Moving out… in a hearse
Tycoon:‘I’m not behind market revamp’

MILLIONAIRE businessman Richard Caring has distanced himself from plans to redevelop Stables Market in Camden Town.
Mr Caring, who made his fortune as a major clothes supplier, invested in the market in 2005.
But, with the overhaul due to begin next week amid protests that it will change the nature of the popular market, he insisted he was not the driving force behind the revamp.
In a short email to the New Journal, he said: “I’m a silent partner as well as a minor partner and have no influence at all.”
He had been asked for an interview to coincide with the last weekend of trading for some stallholders who have been asked to move out.
Traders spent Tuesday night clearing out the last of their goods in time for developers to begin work on a four-storey glass-and-steel building from Saturday.
One stallholder packed up his stock in a hearse, apparently to represent what he believes will be the death of the market.
Mr Caring, who owns some of London’s flashiest restaurants and nightspots, including The Ivy and Annabel’s, was more enthusiastic last year when he said in October that he wanted the redevelopment to make Camden the fashion capital of the world.
He said: “We don’t want high street chains involved. We are certainly not dropping a new shopping centre in there.”
Trader Kareem Khodeir said this week: “The week­end was emotional and uneasy. There’s a strange and sombre sense of loss.

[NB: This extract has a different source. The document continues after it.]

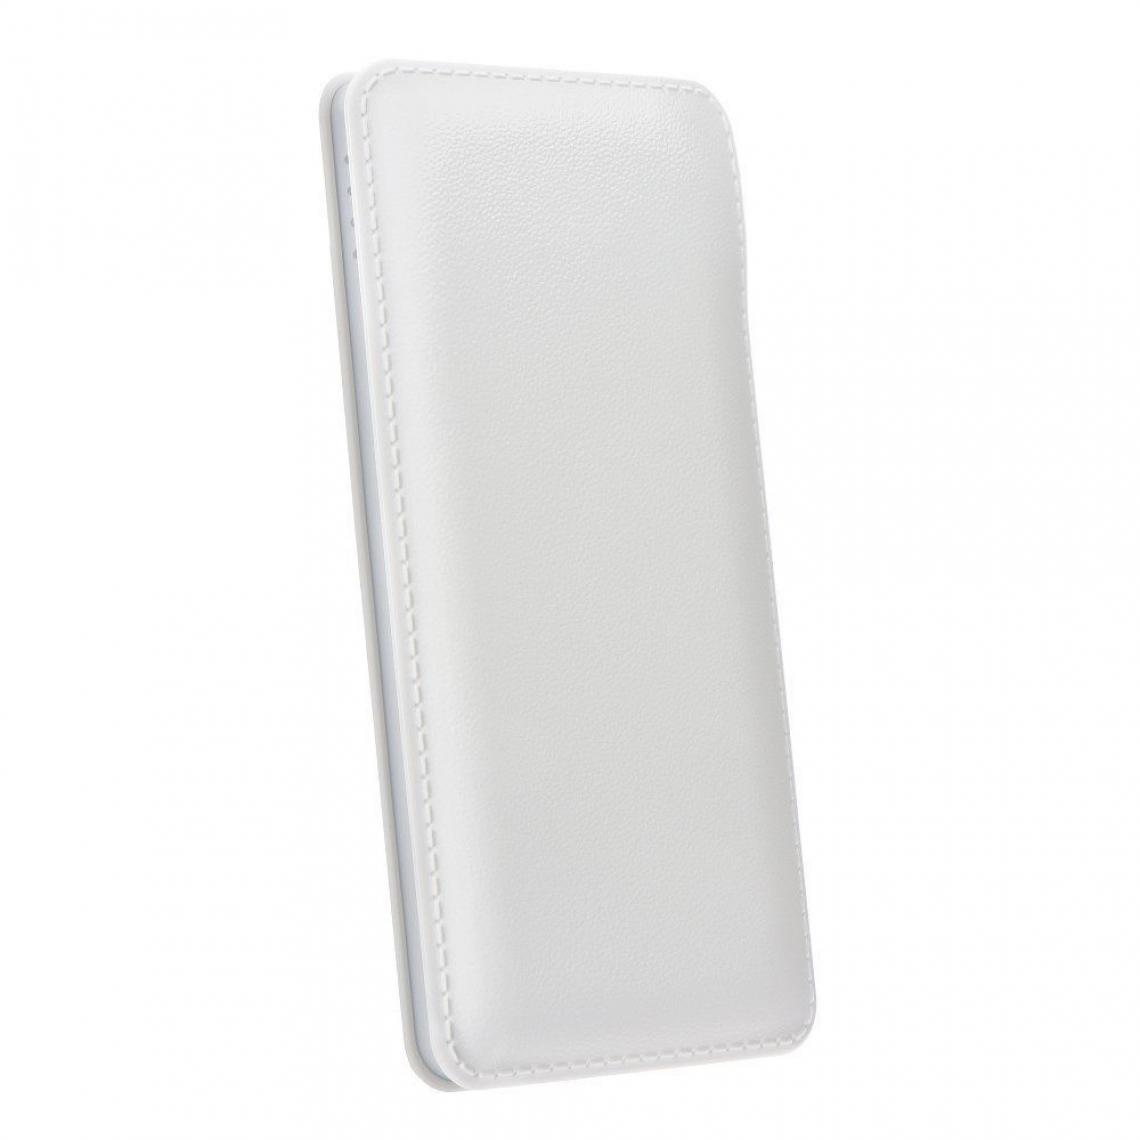 Ozzzo - Chargeur batterie externe 20000 mAh powerbank ozzzo blanc pour SONY Xperia XZ2 Premium - Autres accessoires smartphone

“Traders who’ve now emptied their shops seem to be still around the market, helping others tear down displays that took years to perfect. It’s as if they know they should have left, but are at a loss as to how to get on with life beyond the familiar old bricks and faces.”
He added: “The arches stand empty with a treasure trove of antiques, art, chairs and whatever else they haven’t bothered to collect kicking about the floors, and some of us have sat back and watched the scavengers skulking through the market on the prowl for whatever we didn’t manage to sell.”
He is to launch a website promoting the traders, which he hopes will develop into a virtual Stables market.
Mr Khodeir added: “The traders will survive. It’s what they’ve learned to do through blood and sweat and what makes them a unique breed now close to extinction.
“Perhaps that is why the public have descended on the market to take pictures and pay their respects to us. I doubt the same affection will ever be seen towards the shopping centre assistants of tomorrow.”